*Problem to work on*
Repeat all the lines below exactly, but omit the pictures.

*Collected material*
-*-
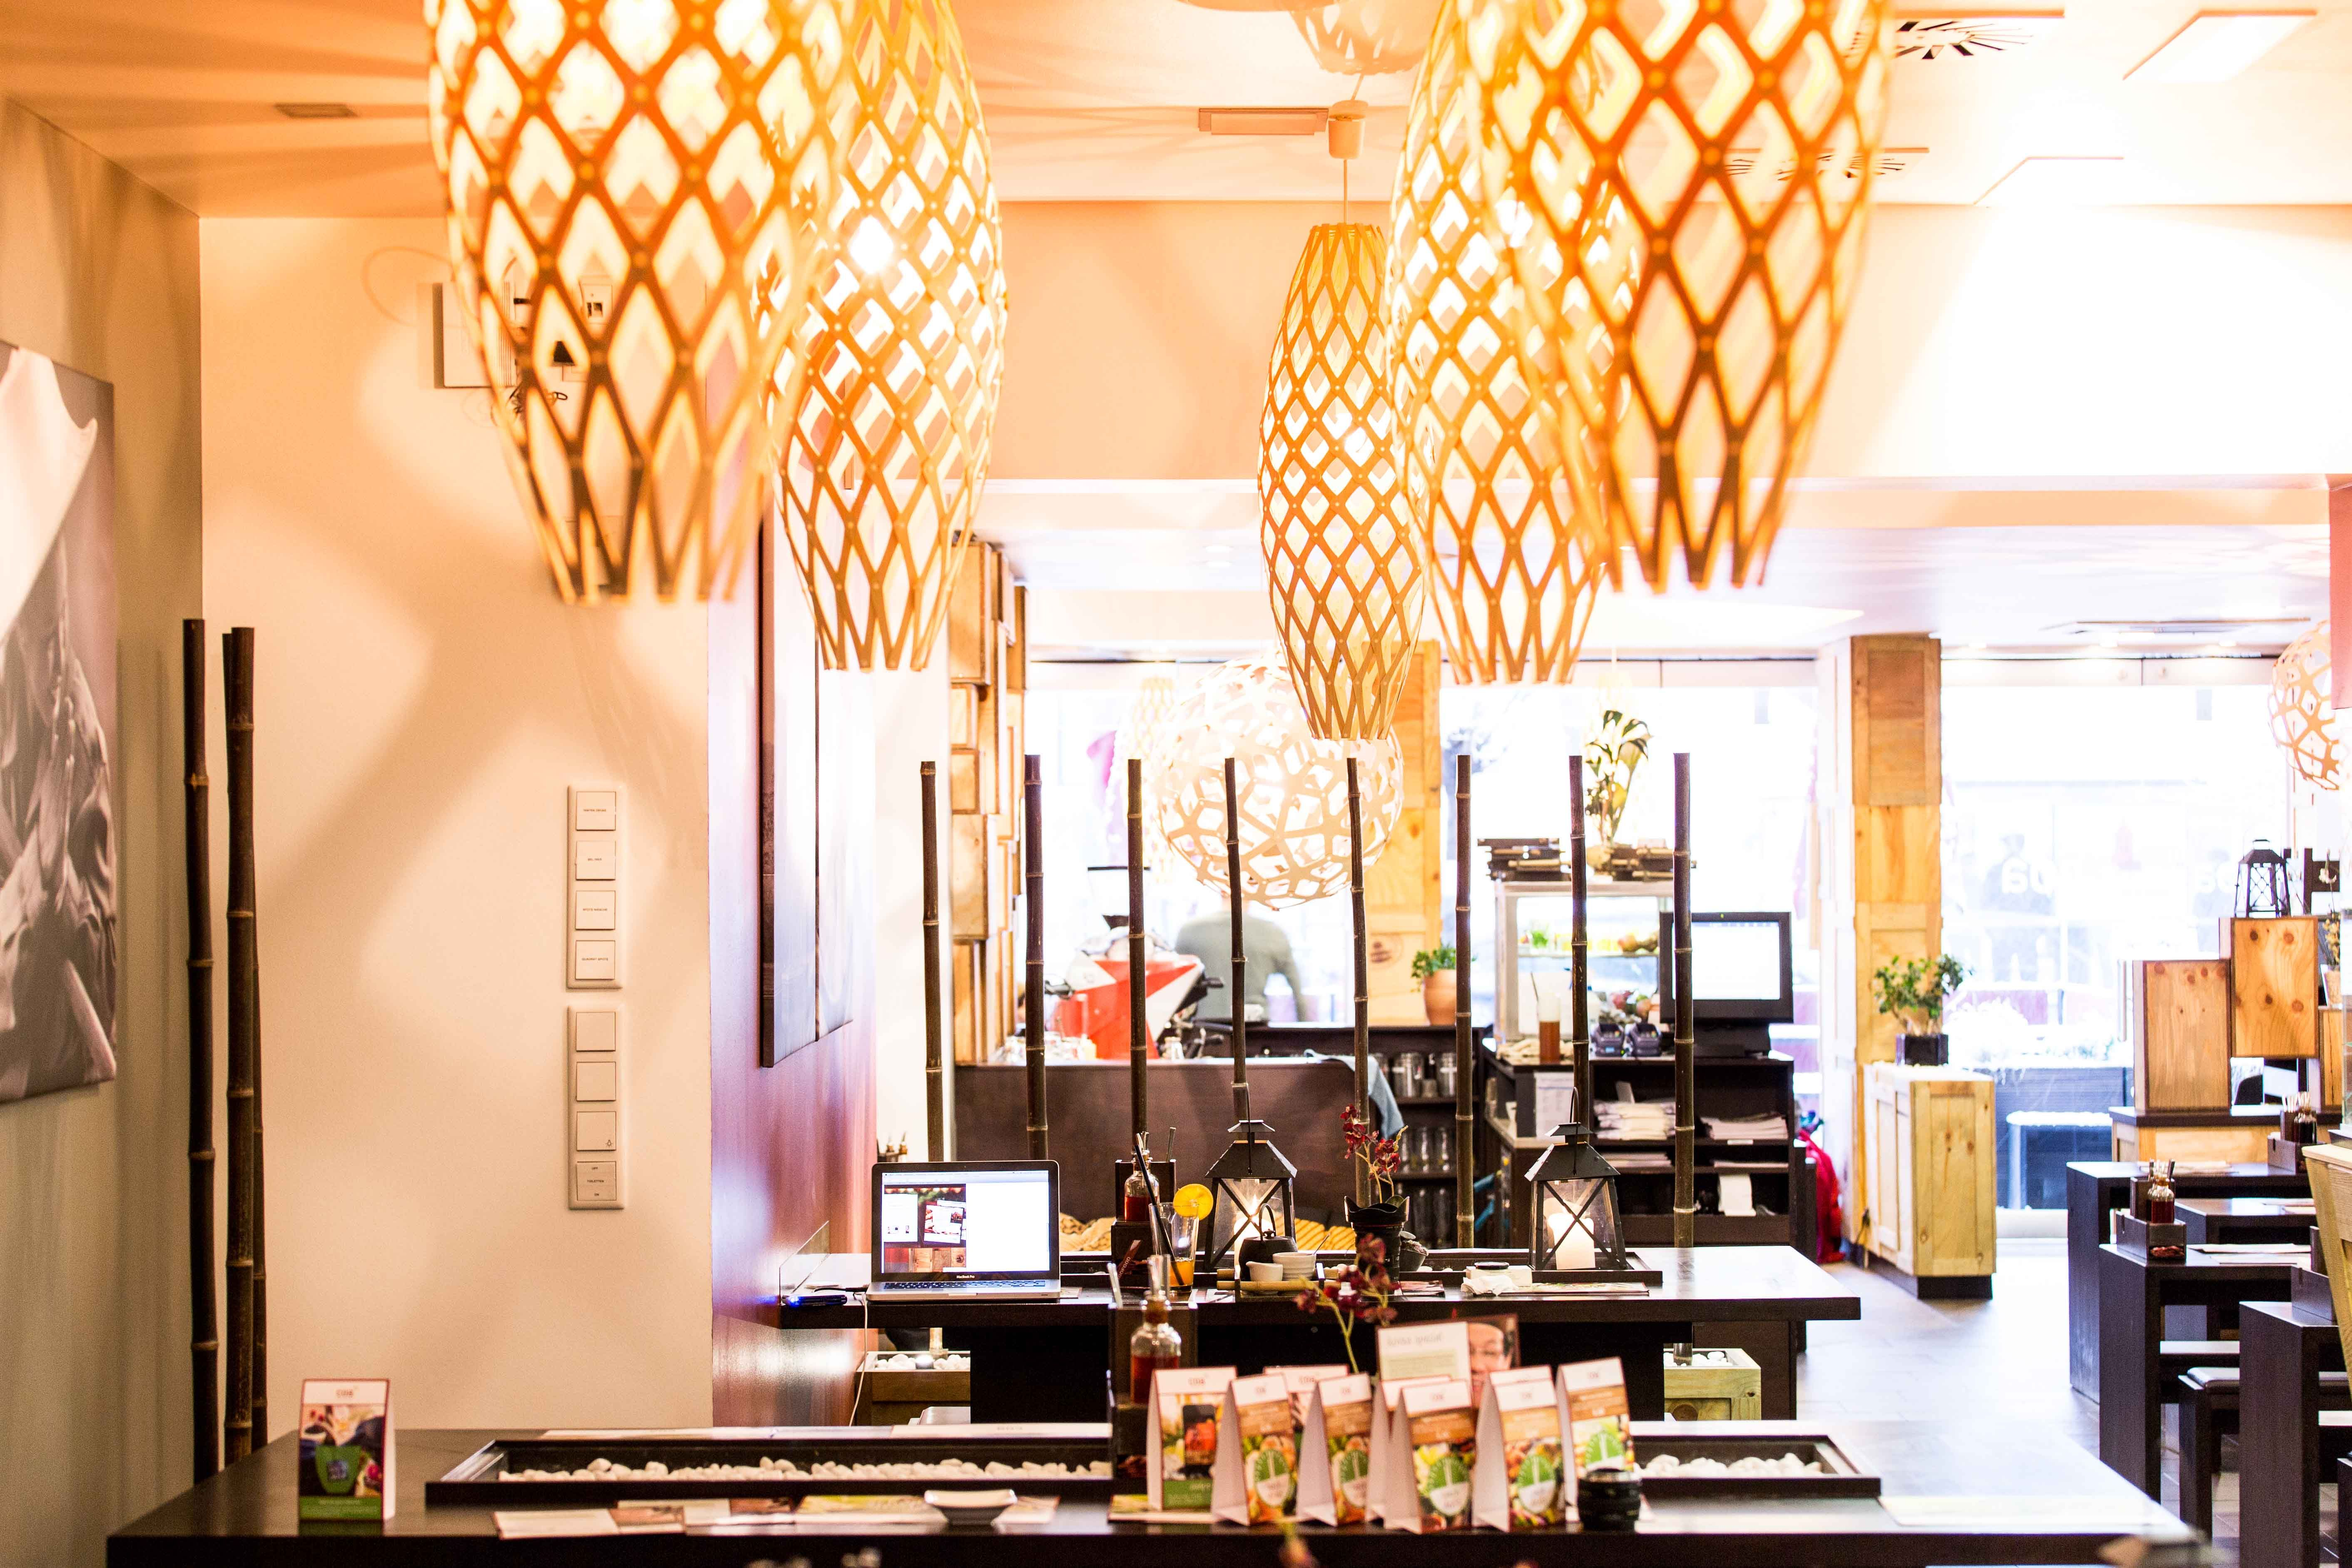 Coa Asian Food & Bar Coa Interior Design Asian Inspired
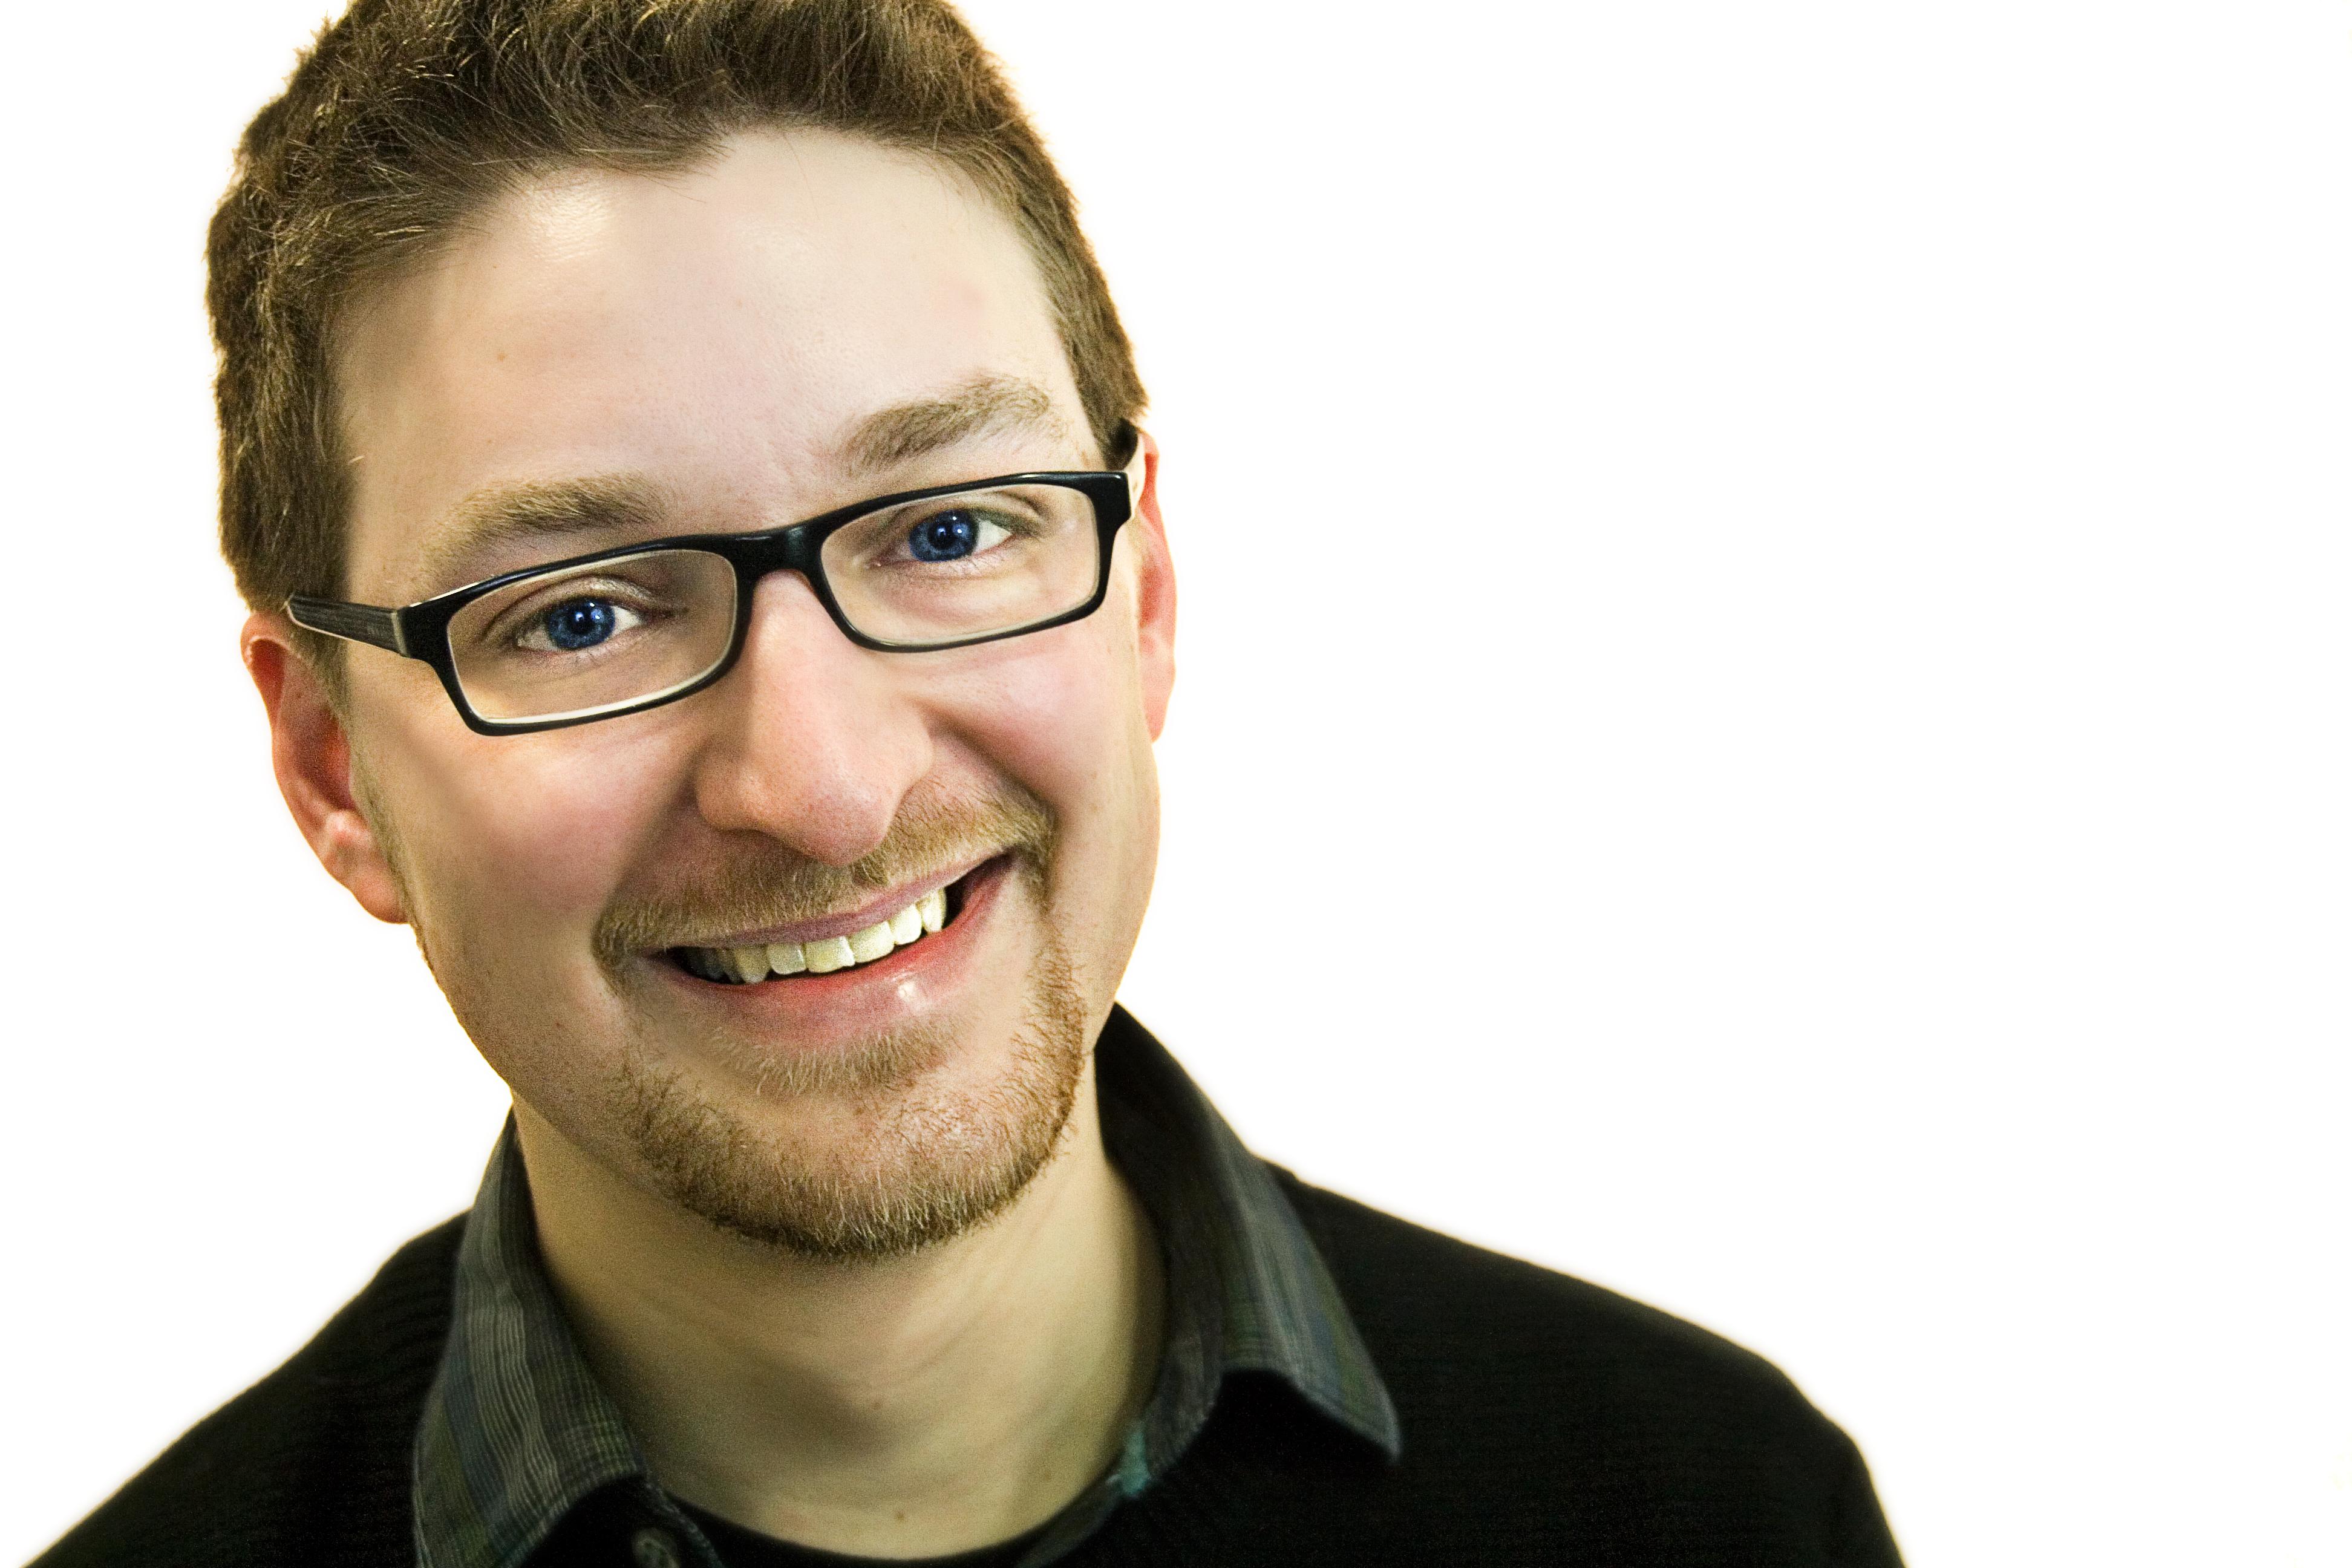 Evan Morgenstern on The Atlantic Transmission Network
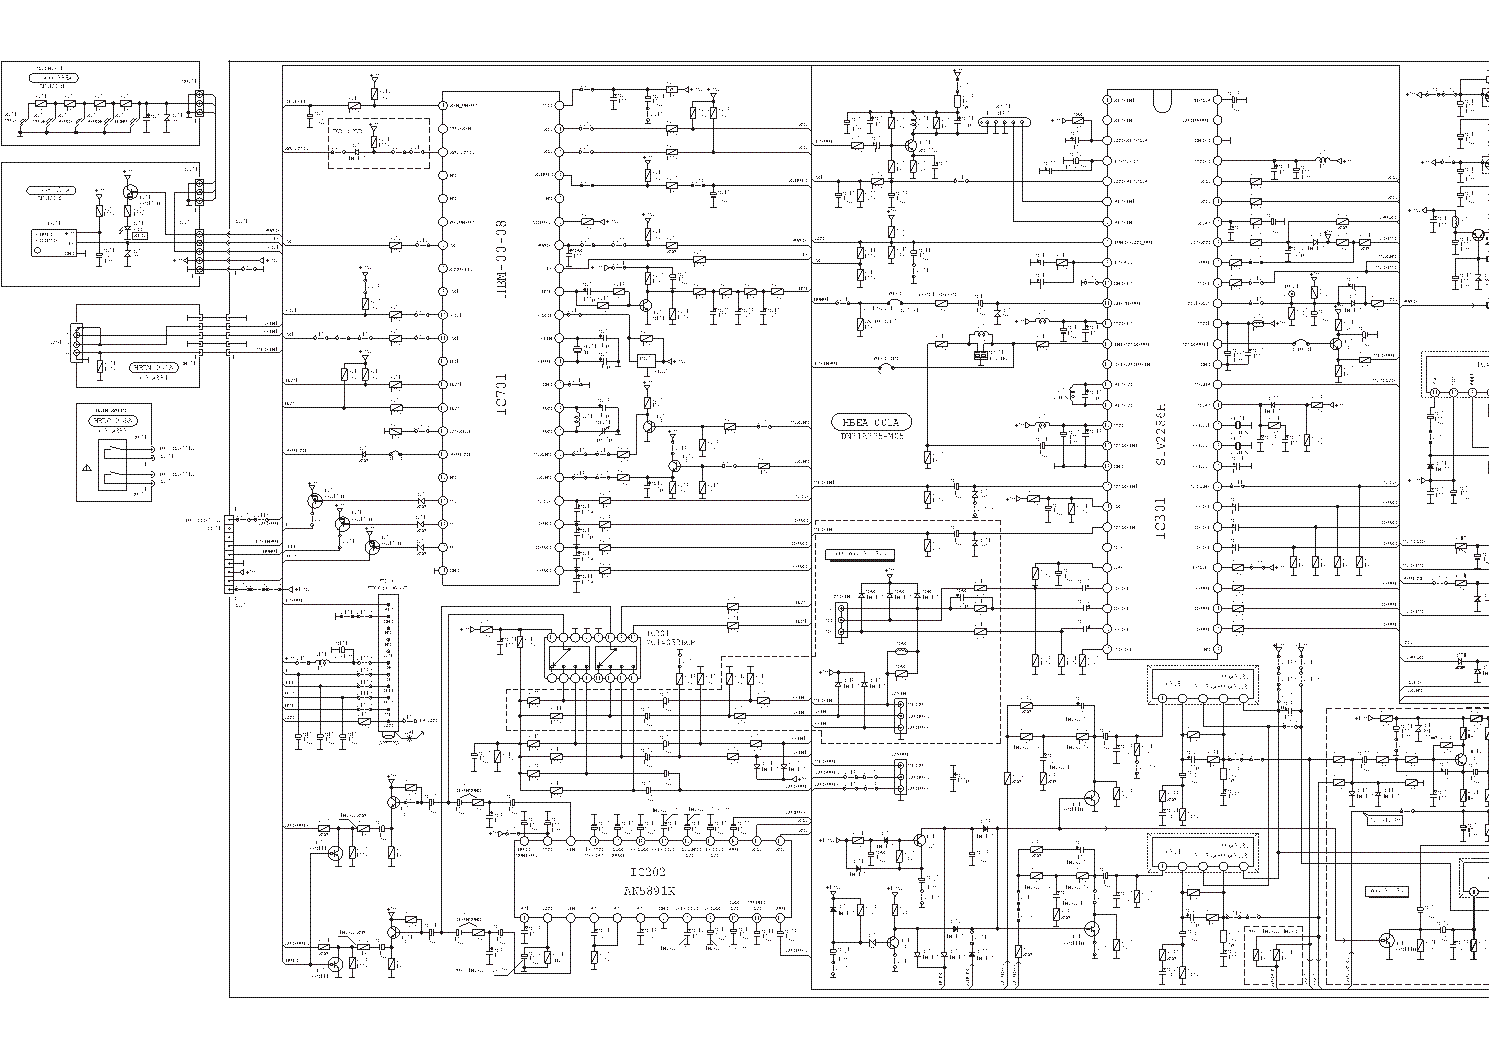 Polytron Tv Schematic Diagram Archive Of Automotive Wiring Mazdaspeed 3 Engine Mx5203ms Chassis Bml Hbea 028b Service Manual Download Rh Elektrotanya Com
-*-
*Solution to this exercise*
 Coa Asian Food & Bar Coa Interior Design Asian Inspired
 Evan Morgenstern on The Atlantic Transmission Network
 Polytron Tv Schematic Diagram Archive Of Automotive Wiring Mazdaspeed 3 Engine Mx5203ms Chassis Bml Hbea 028b Service Manual Download Rh Elektrotanya Com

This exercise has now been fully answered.